A search of relevant studies was conducted in MEDLINE/PubMed, Physiotherapy Evidence Database (PEDro), the Cochrane Central Register of Controlled Trials, CINAHL, EMBASE, Web of Science, and Scopus databases. We included reports from the international literature published between January 1989 and August 2020. Search terms “included stroke,” “cerebrovascular,” “cerebrovascular disease,” “ischemic stroke,” “hemorrhagic stroke,” “brain injury,” “chronic stroke,” “Lokomat,” “robotic device,” “exoskeleton,” “balance,” “postural balance,” “equilibrium,” “postural control,” “balance control,” “gait,” “walking,” “step,” “weight-bearing,” “locomotion,” “balance training,” “gait training,” and “walking training.” We searched for “randomized controlled trial” as MeSH terms, keywords, or subject headings.
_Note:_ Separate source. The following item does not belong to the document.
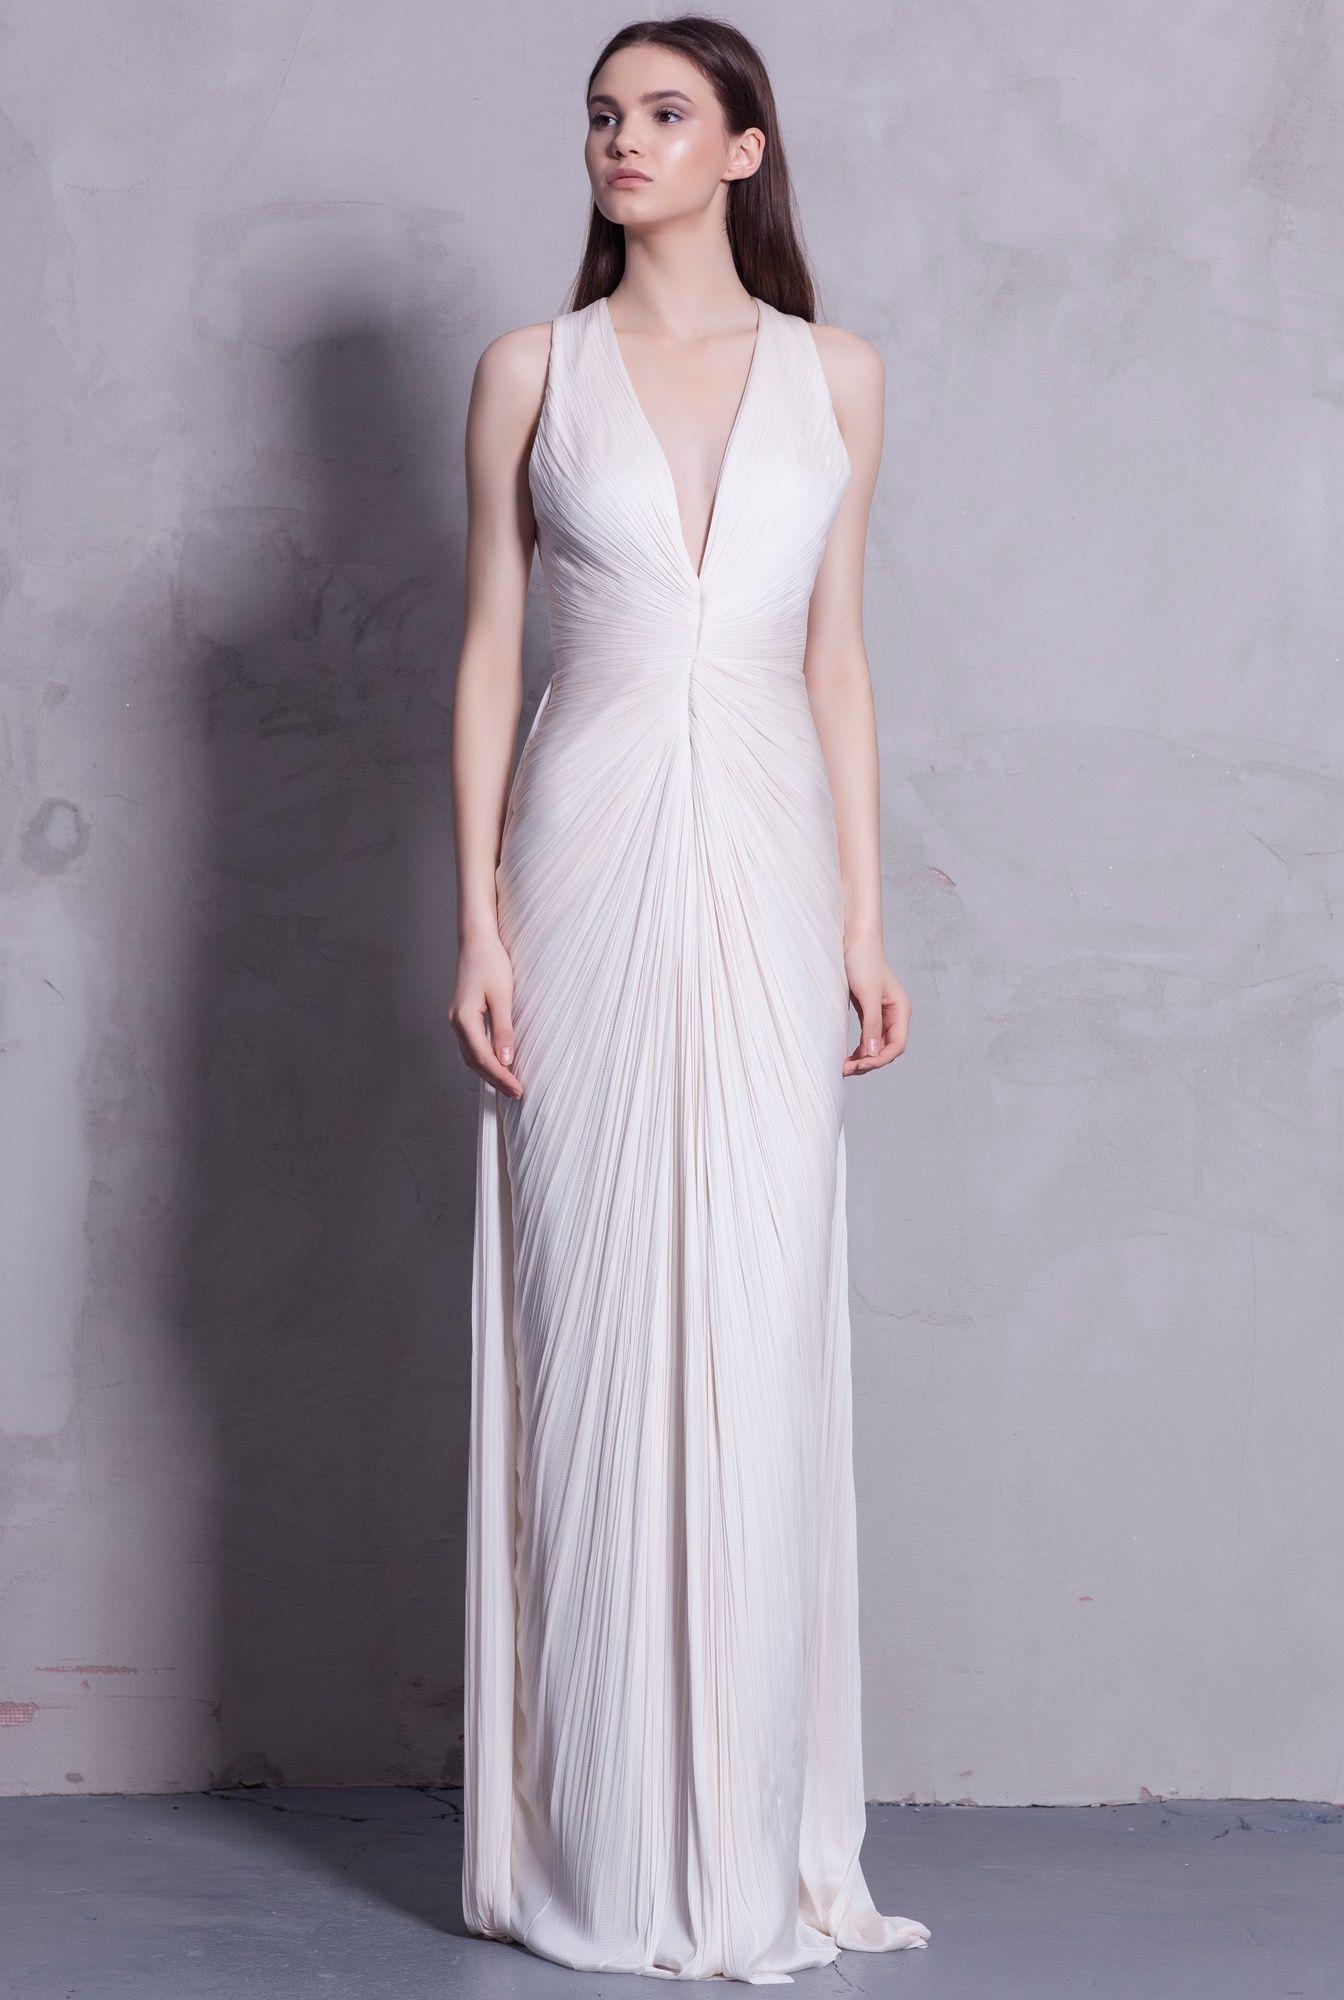 Click here to buy Maria Lucia Hohan ELIZ dress at MLHSHOPCOM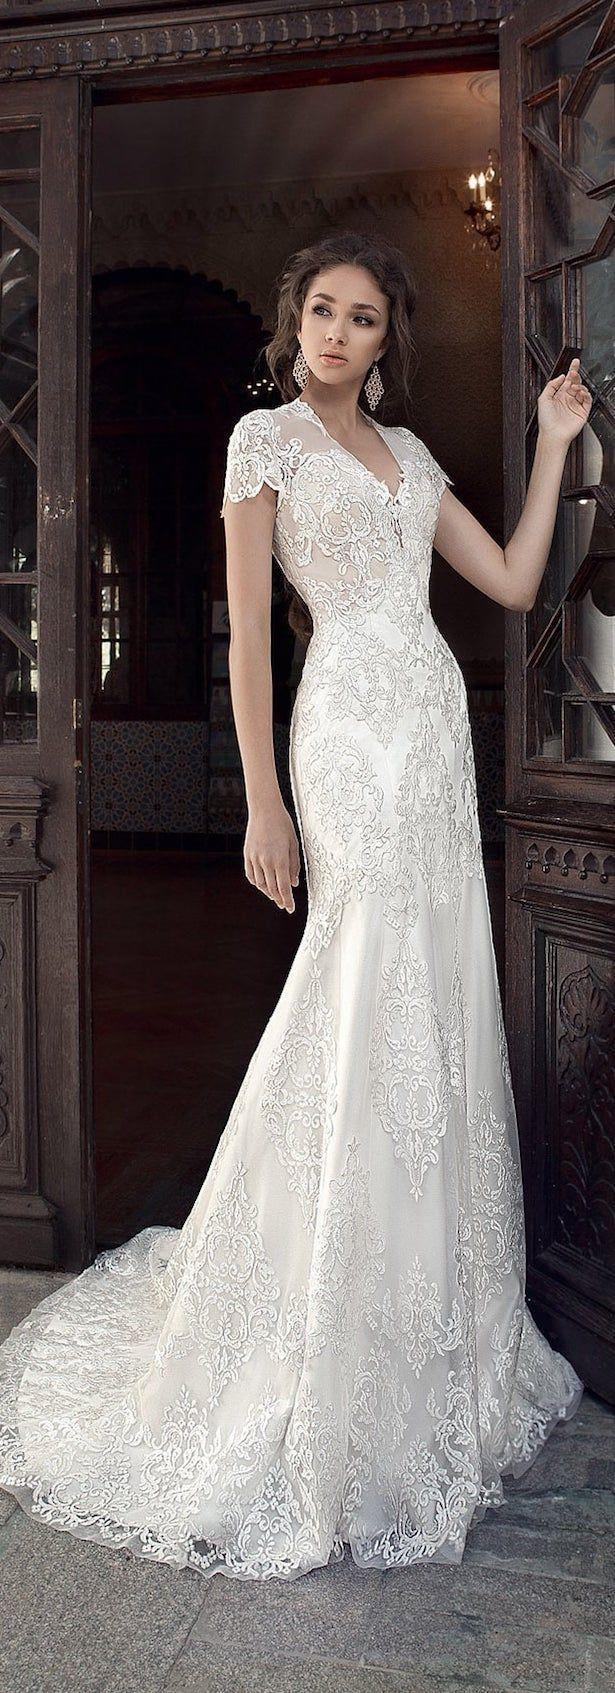 Milva 2017 Wedding Dresses – Sunrise Collection - Belle ...

Related terms were combined using the Boolean “OR” and “AND.” In order to avoid bias, the search was repeated over several days, also changing the order of the keywords.

Study Selection and Data Extraction

Two authors (FB, MB) independently screened titles and abstracts of the potentially relevant papers and removed the duplicates. Then, a careful check of the papers was performed in order to select only the studies that met the inclusion criteria. The reference lists of relevant papers were also inspected for additional studies potentially missed in the databases search. Any disagreement was solved by confrontation and consensus without involving a third author.

From each study included in the review, the same two authors (FB, MB) independently extracted the following data: title, authors, year of publication, journal of publication, participants (number, mean age, gender), study design, rehabilitative intervention details (frequency and duration of the sessions, Lokomat® parameters such as weight support and speed), outcome measures, results, follow-up.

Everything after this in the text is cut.